Well....if you can believe Ronnie Boykins, Lion dropped Horace Parlan because Boykins insisted on keeping the publishing for one of his tunes on a Parlan date. I guess Parlan wouldn't intervene or something...

Posted

I can't think of any instances. edit: I guess Freddie Redd and Grachan Moncur according to Jim Sangrey.

Not literally according to me, just according to my recounts of things that the two men in question have said, same as with the Boykin/Parlan story above, which, if memory serves, can be found in an old Coda magazine.

Posted

wow CODA ssems to have issued a lot of dirt. Not surprising Scott Yanow writes for them, given his penchant for dismissals of many sessions and musicians.

Haven't seen too many articles or reviews by Yanow in recent editions of Coda. My appraisal of his work is quite the opposite. I tend to think he's too superficially un-critical.

Posted

Marathon runners have no time to take in the scenery. That also applies to a writer bent on writing and hearing it all. If you ask the runner to describe sights along his/her route, the response you get will be just as satisfactory as a Yanow review.

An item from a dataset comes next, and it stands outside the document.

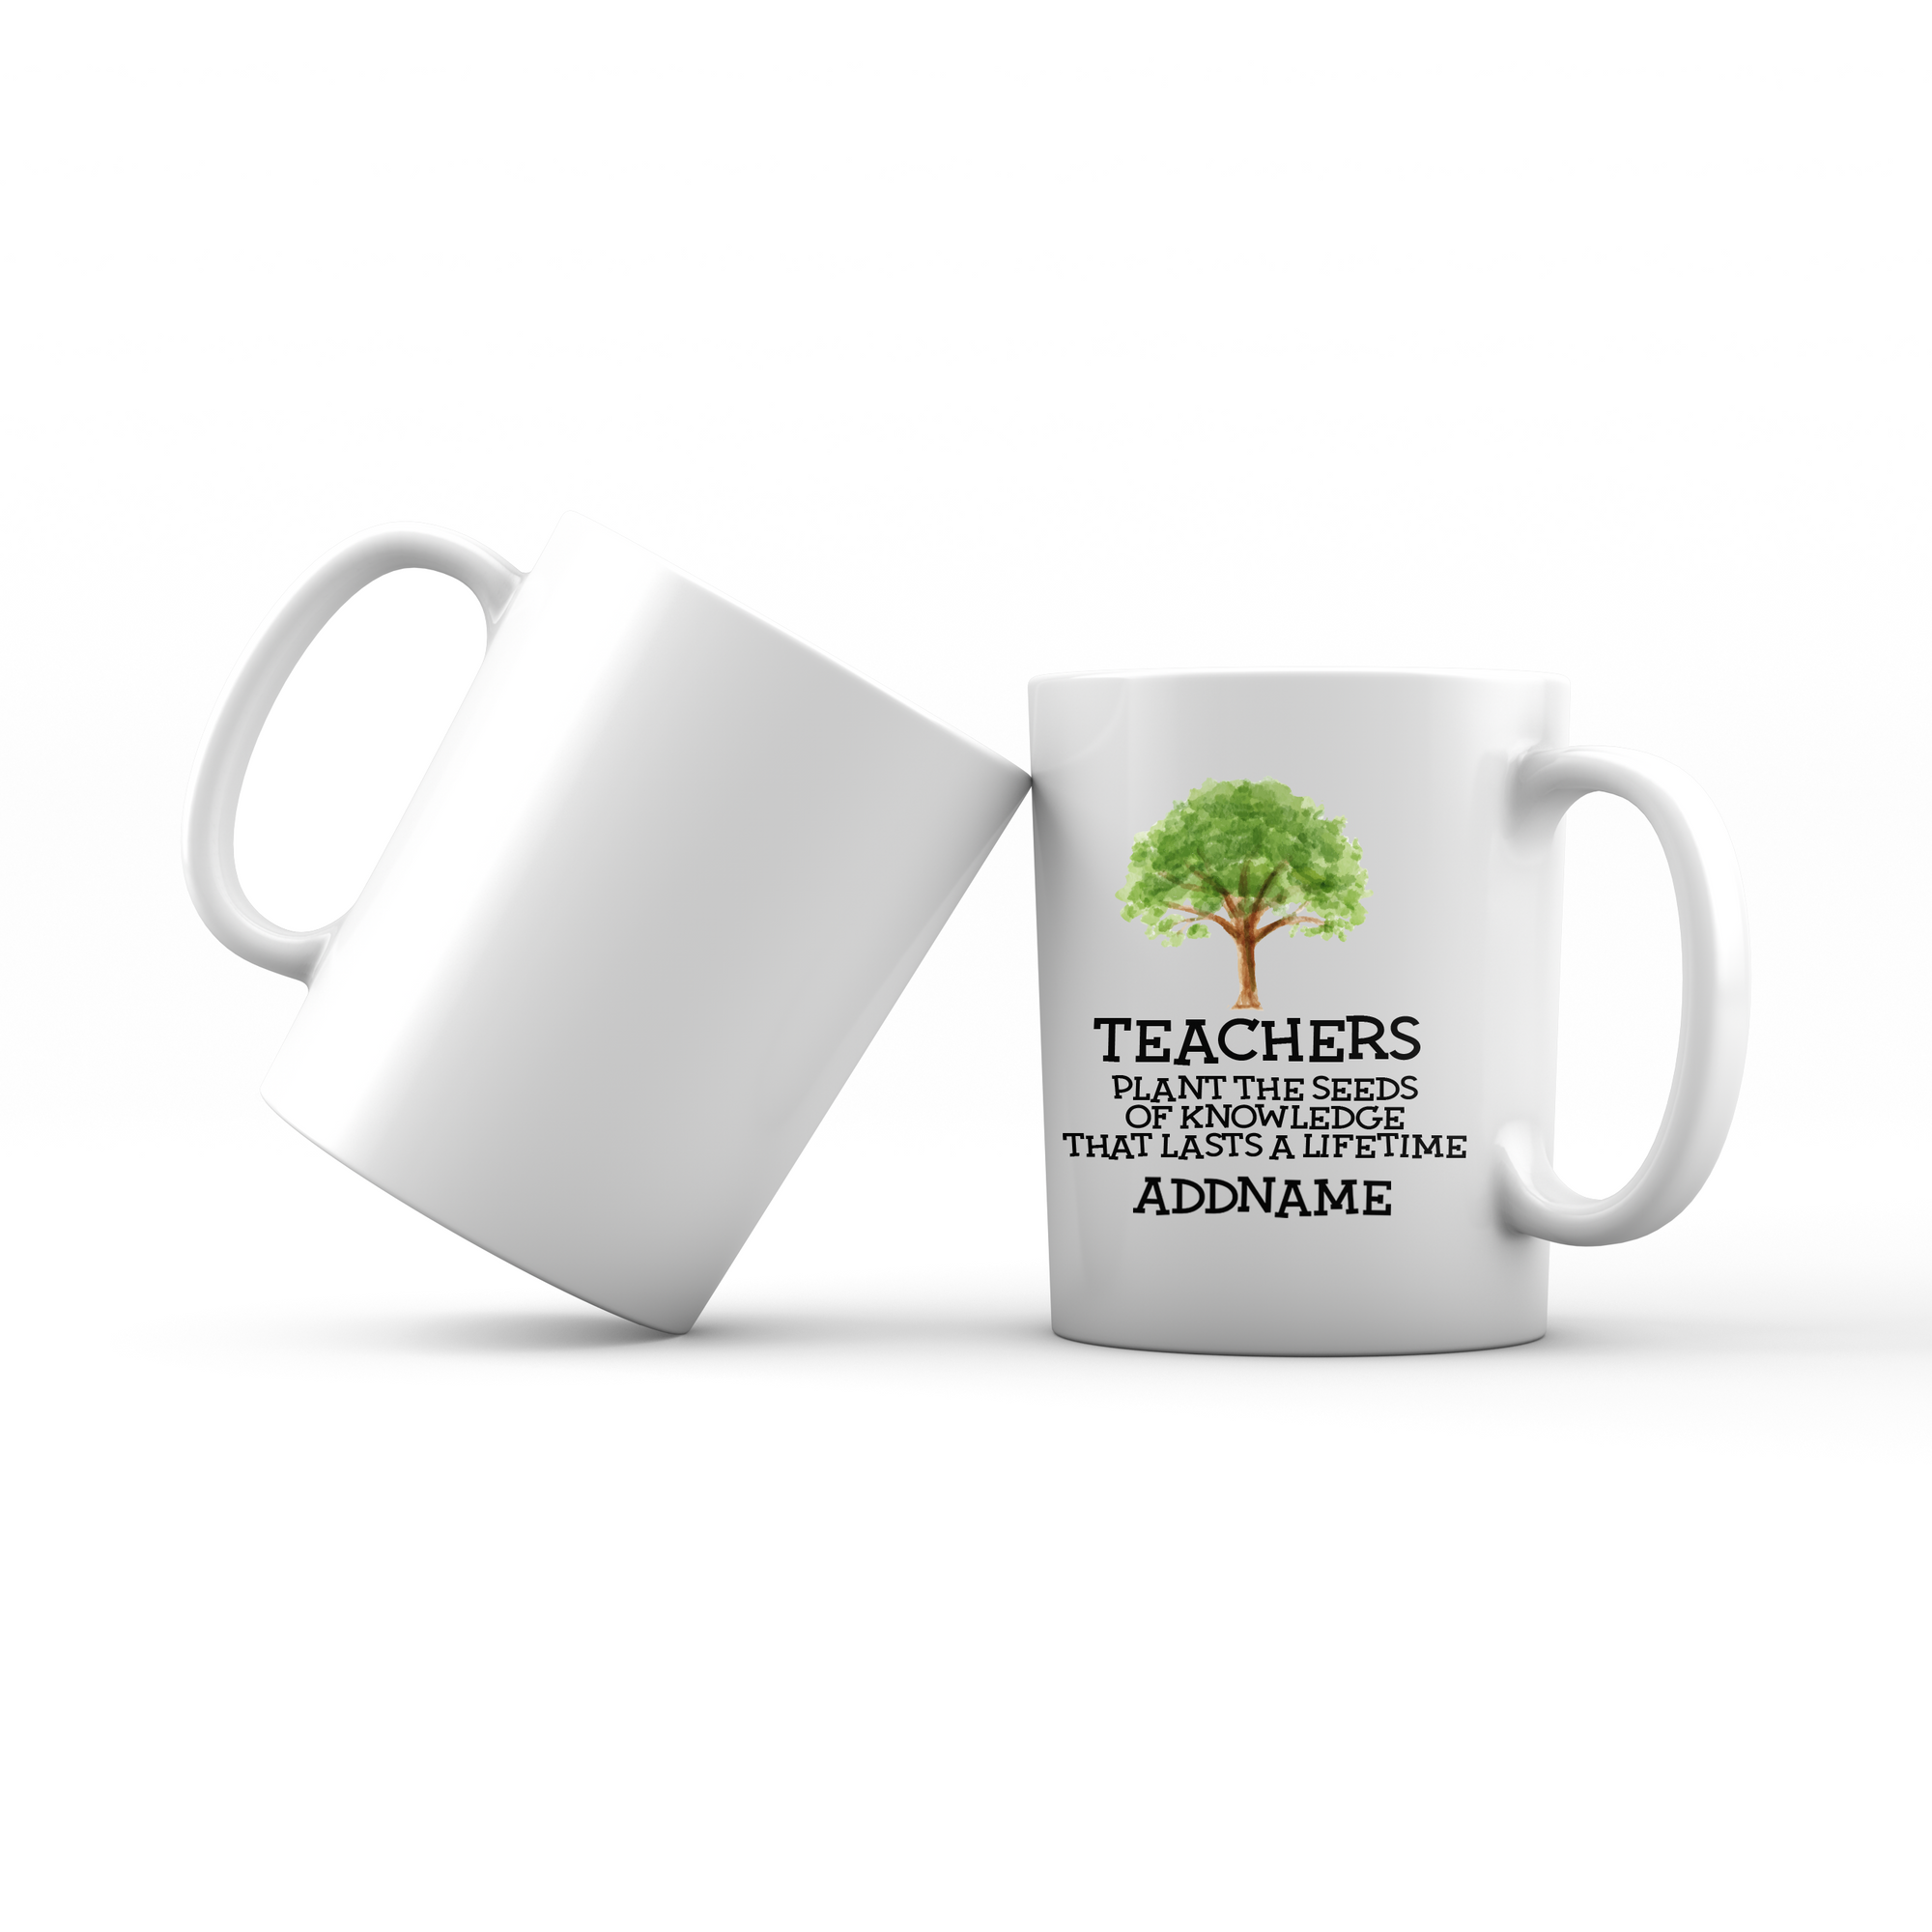 Teacher Quotes 2 Teachers Plant The Seeds Of Knowledge That Lasts A Lifetime Addname Mug

I was not aware of his contributions to CODA. I hope that problem has been resolved. :)

Posted

It's easy in our ardor for the music to overlook the fact that these two guys were running a business. That being the case and as much as we'd like to think otherwise, it wasn't always about the music. They had a bottom line to attend to and while in retrospect, some of their decisions may seem to be short sighted or even biased, I'm sure they were making their calls in the context of what was best for their business. Does anyone really think that they would have sat on Tina Brooks' unreleased sessions if they thought they would sell well enough to justify their release? The fact that "True Blue" didn't do much probably justified their decision, at least in their minds, and that's all that really counts. Sure, we'd all like it if things had turned out differently and Brooks had been as prolific as a Hank Mobley or a Freddie Hubbard, but it wasn't to be. Bottom line, I think it's a mistake for anyone to draw conclusions fifty years after the fact especially when it involves decisions and justification for those decisions that we no way of knowing much about.

Up over and out.

Posted

Yanow was doing some reviewing for the magazine under Daryl Angier's editorship. I haven't seen the most recent issue or two--I no longer contribute to it, though I did send in a year-end top-ten anyway--but my recollection was that Yanow hadn't been seen in its pages for a while. Ken Dryden, Ken Waxman, & Kurt Gottschalk seemed to be some of the main contributors.

Posted

He killed Bird, didn't he?

I hear he shot J.R. too.

Monterose?

Yes.

And it has never been possible to establish exactly where he was when Wardell's body was found in the desert. And who pushed Brew down those stairs? And who secretly put the bullets in the gun Maini had seen empty the day before? Someone didn't like saxophonists, I'd say.

Guest Bill Barton
Posted

Yanow was doing some reviewing for the magazine under Daryl Angier's editorship. I haven't seen the most recent issue or two--I no longer contribute to it, though I did send in a year-end top-ten anyway--but my recollection was that Yanow hadn't been seen in its pages for a while. Ken Dryden, Ken Waxman, & Kurt Gottschalk seemed to be some of the main contributors.

Yes, it's been awhile since his byline has appeared.

Kbill

  • 8 years later...
Posted

I'm late to the party, just read this article, and a dozen years later it's still a p.o.s. 

All conjecture, no facts, no journalism. He didn't bother interviewing any of Tina's siblings. Some, perhaps, are still living. Eight of them should've produced a few children of their own, who knew uncle Tina full well.